*What you should do*
Using the entries below, write out the line with "<strong>Auch die Kleinen", the line with "Eriksen überall: Auch", and every line in between, exactly as each is written.

[[ Source data, beginning ]]

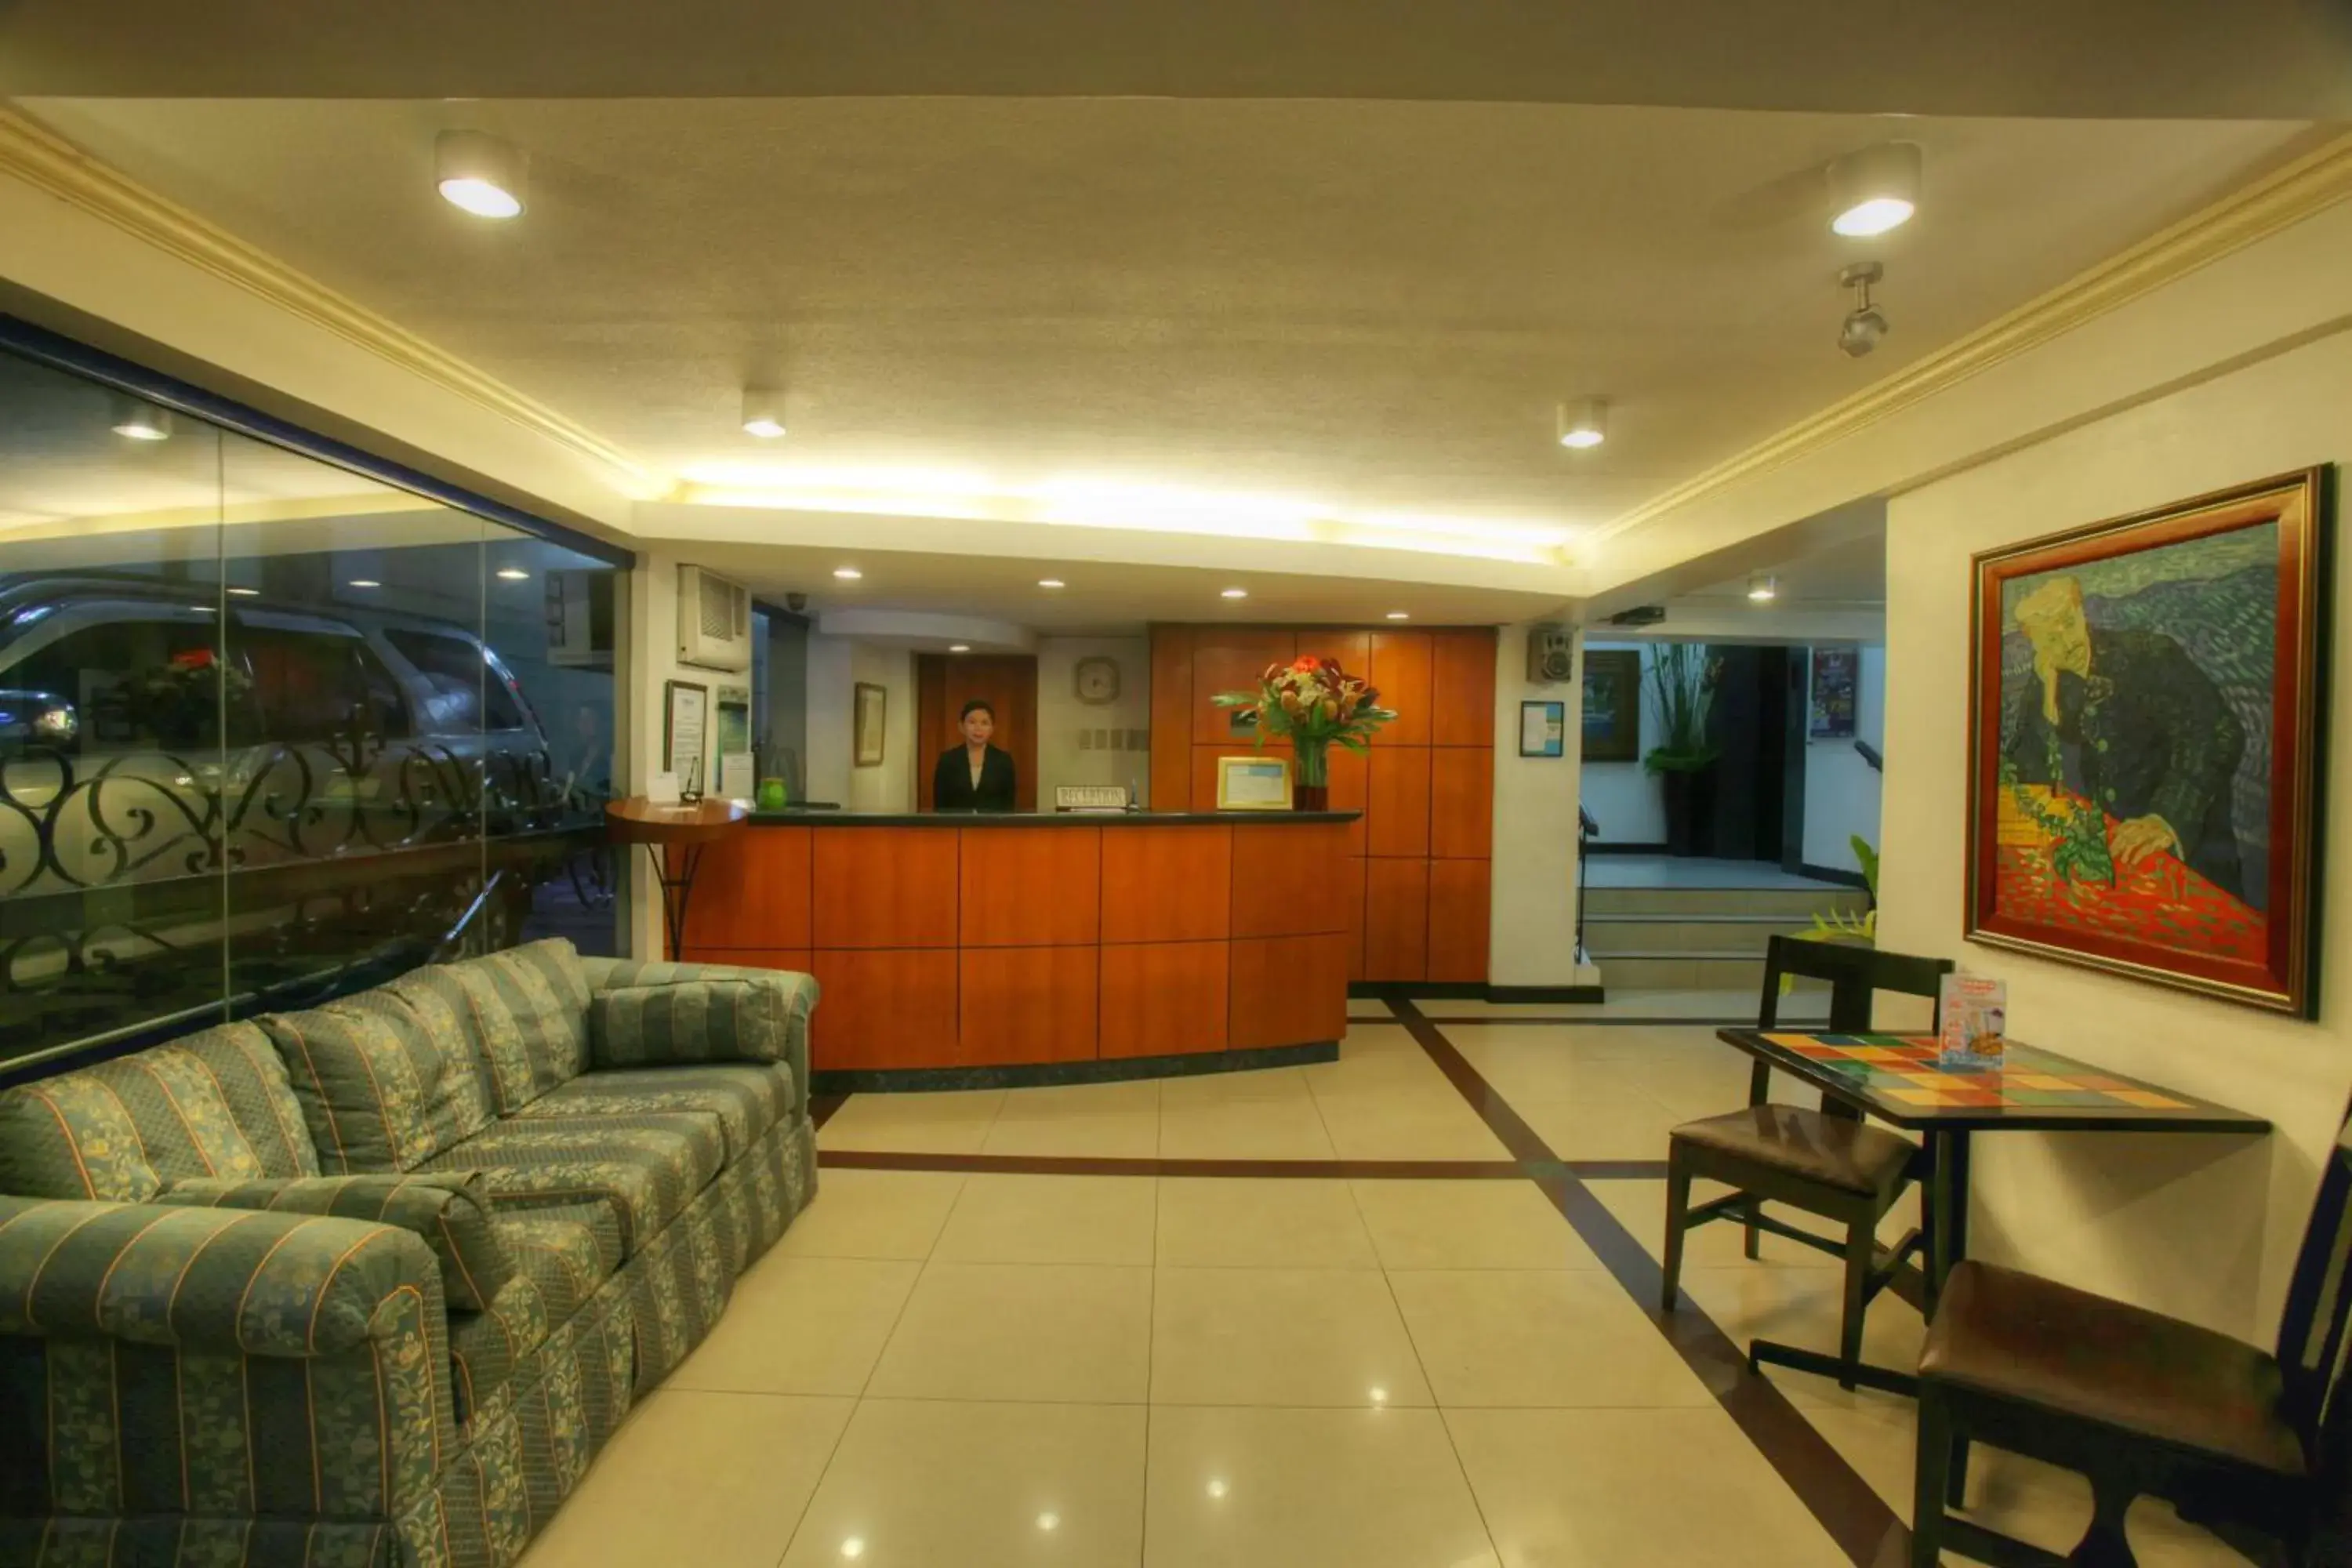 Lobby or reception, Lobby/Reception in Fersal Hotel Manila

[[ Source data, end ]]
[[ Source data, beginning ]]

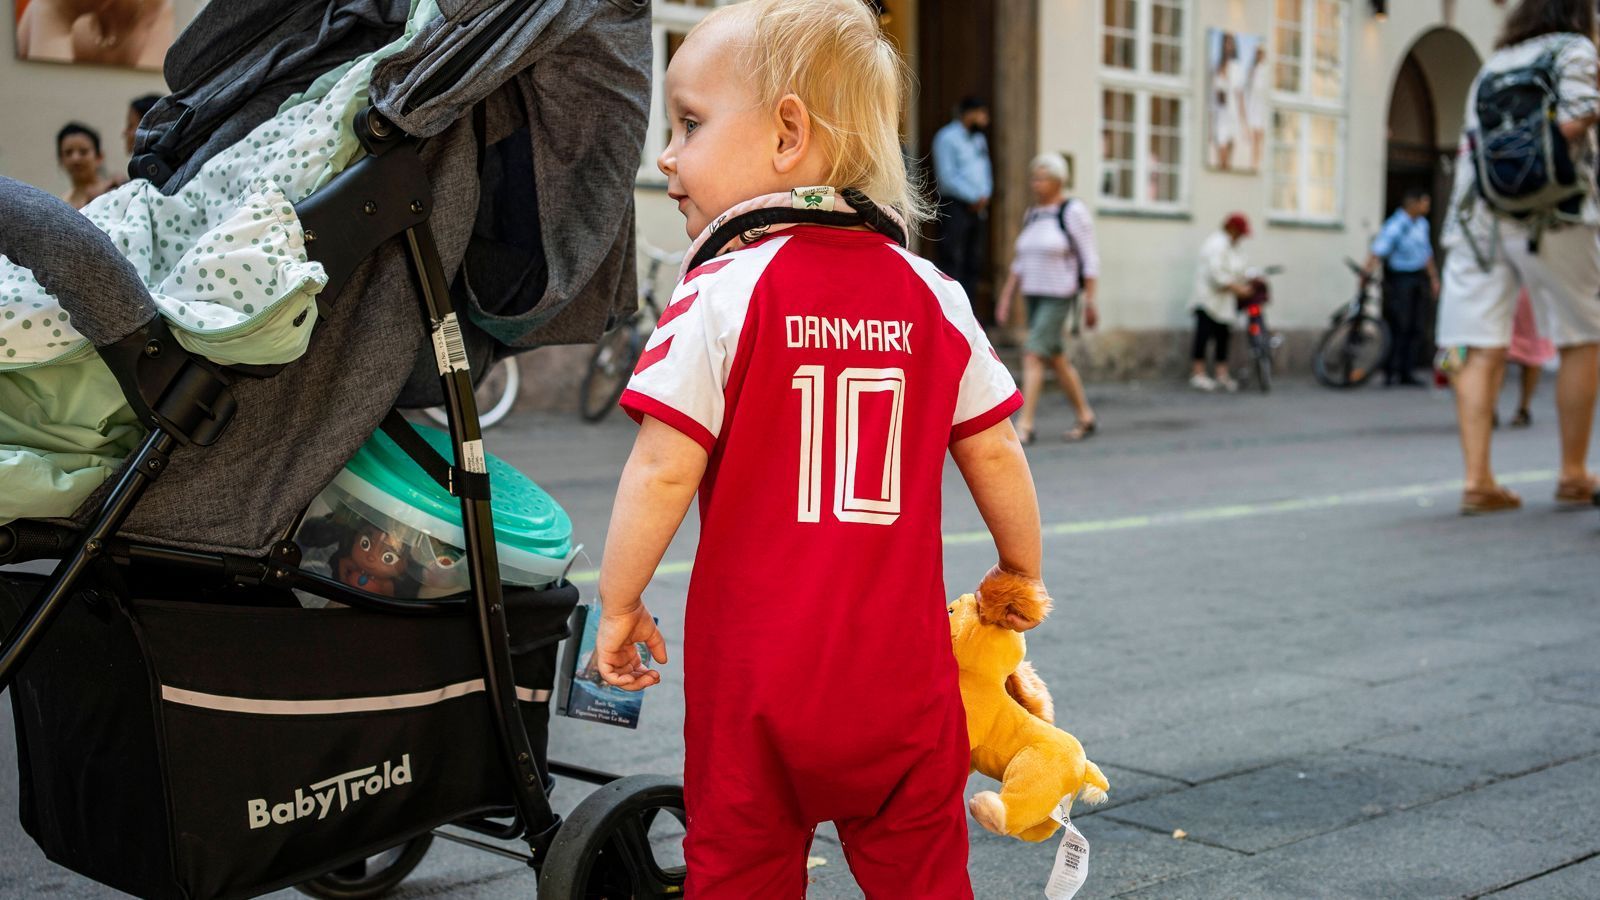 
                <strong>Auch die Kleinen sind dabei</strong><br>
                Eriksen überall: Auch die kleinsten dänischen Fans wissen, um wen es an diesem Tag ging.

[[ Source data, end ]]

*Reply*
                <strong>Auch die Kleinen sind dabei</strong><br>
                Eriksen überall: Auch die kleinsten dänischen Fans wissen, um wen es an diesem Tag ging.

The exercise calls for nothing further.